Bali – Serangan Turtle Conservation and Education Centre

One thing that you may know is that 6 out of the 7 sea turtle species in the world today can be found in the Indonesian waters. In other words, there is a good chance that you will spot some wild sea turtles when you are snorkelling or diving in Bali. And if you prefer to see these gentle creatures in a drier environment, there are also some conservation centres where you can have close encounters with them.

One thing that you probably do not know is that not all turtle conservancy programmes, societies, initiatives, etc in Bali are genuinely set up to protect and provide welfare for these turtles. Some are probably set up as a tourist attraction or tourist trap, in my opinion. If you do a google search for “turtle in bali”, you will find lots of information and most of the links bring you to this place called “Turtle Island”, which is accessible via a glass-bottom boat. The boat ride itself is about 20 minutes and the fare varies, aka, depending on your bargaining skills. Besides turtles, you can also see some other animals such as snakes, falcons, bats, pythons and many others on the island. These animals are part of the “wildlife” collection and are “domesticated”, i.e. you can take pictures with them (safely) for a fee. If these don’t sound fishy enough, go through all the reviews in tripadvisor (links provided below) and make your own judgement call.

Disclaimer: I have not been to the “conservation centre” mentioned in the tripadvisor and thus I can’t comment about it. The one that I went to is a real conservatory; one that is sincere in conserving and helping the turtles. How do I know? Read on and I am sure you will agree with me. And by the way, I went there by car, not via any fancy glass-bottom boats.

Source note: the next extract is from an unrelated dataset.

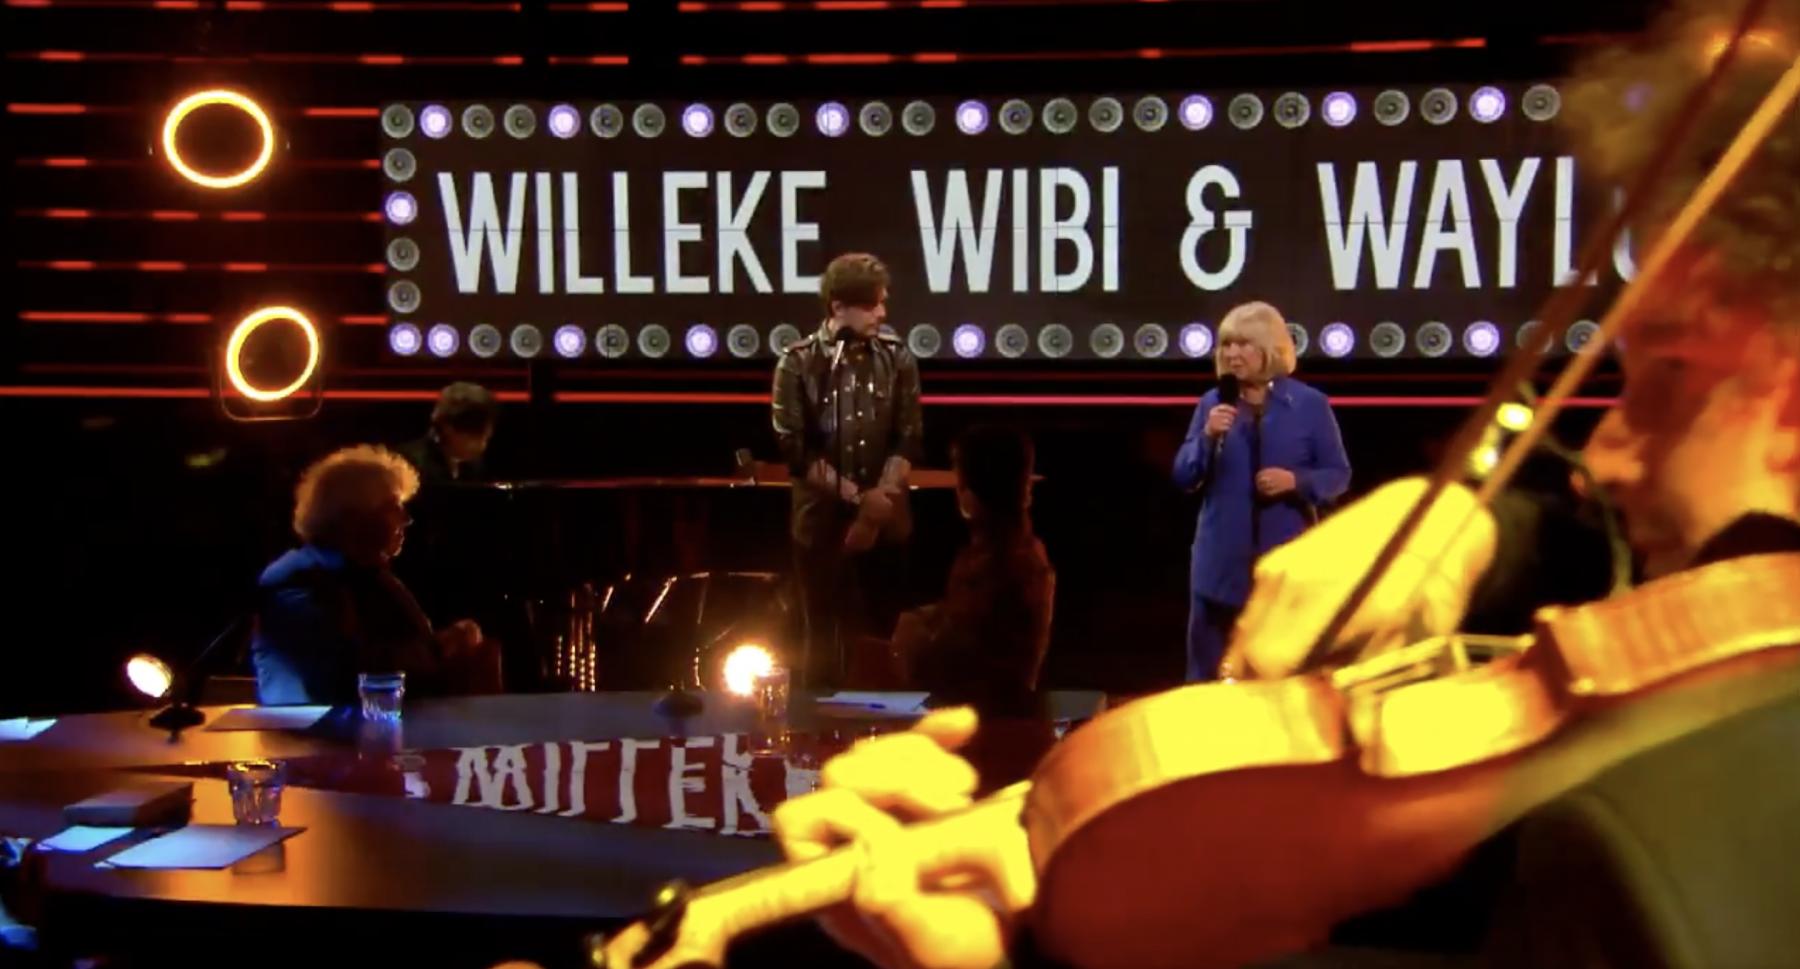 Prachtig optreden van opmerkelijk trio: Willeke Alberti, Waylon en Wibi Soerjadi treden samen op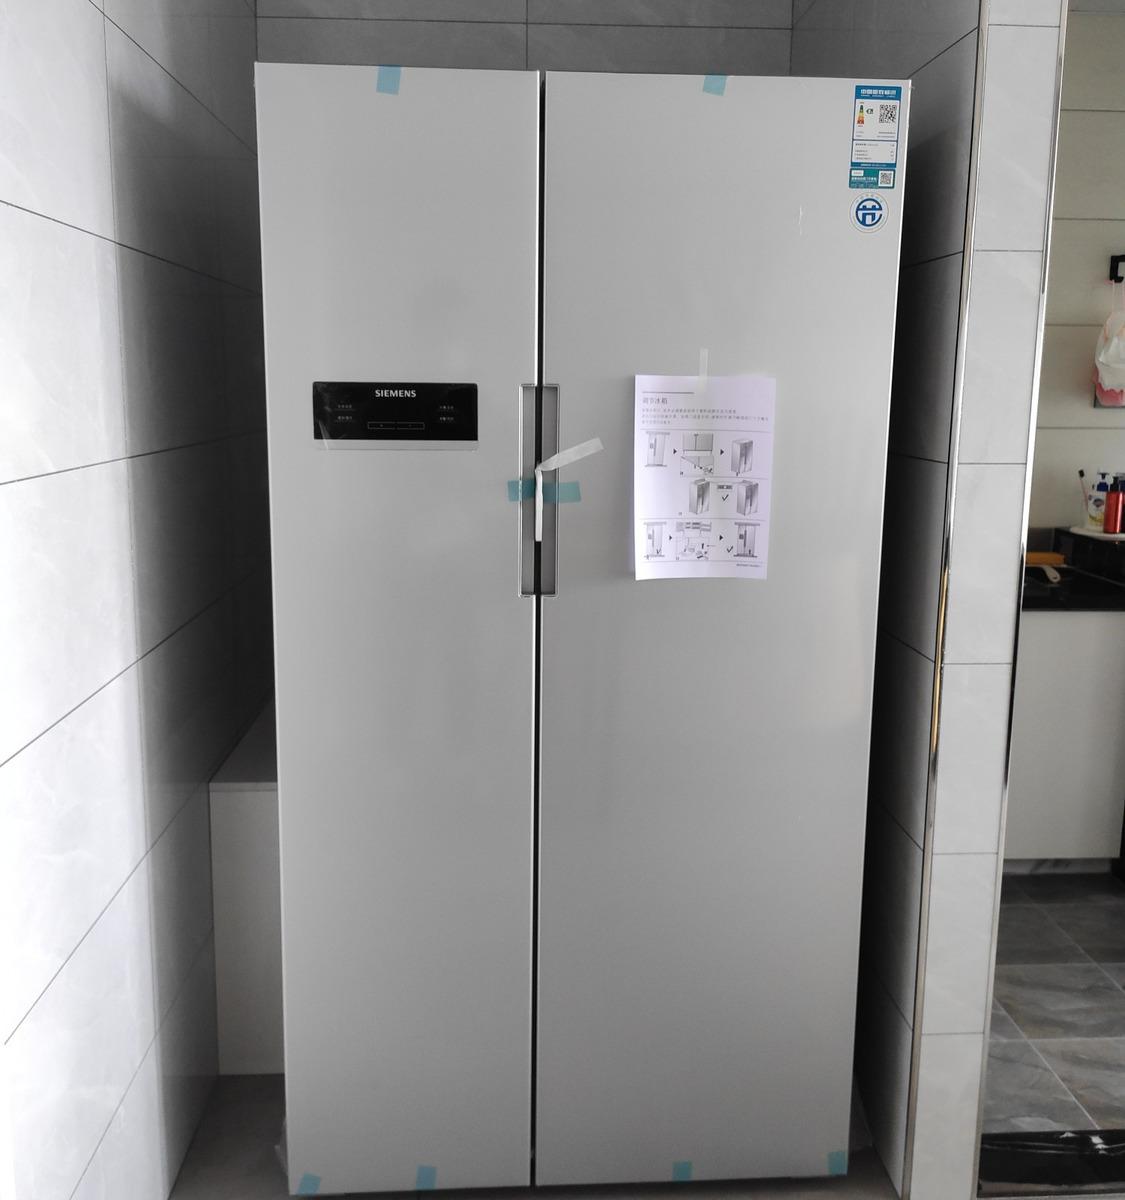 冰箱选哪个品牌好?是国产海尔、日本松下,还是德国西门子?

The super-long bridge that links Serangan to Bali main island

So the place we went is The Turtle Conservation and Education Centre (TCEC) of Serangan, on the resort island (Pulau Seranga) of Bali, just off Denpasar/Kuta area.  You will definitely need a local guide to bring you there as there is no public transport, as far as I can see. That place was so deserted that we practically had the entire centre to ourselves when we were there.

I chose this centre over the more touristy “Turtle Island” as I want the kids to learn more about conservation and its importance, and not the “fun” experiences of a zoo. This centre is run by volunteers and there are no admission charges or whatsoever; everything is based on goodwill. Thus, do not expect any touristy stuff like photo booths, animal shows, cafe, etc. Instead, be prepared to learn more about the turtles in the region and why/how are the centre set up. During our visit, we had a volunteer from the centre who provided a guided tour and a fantastic question-and-answer session.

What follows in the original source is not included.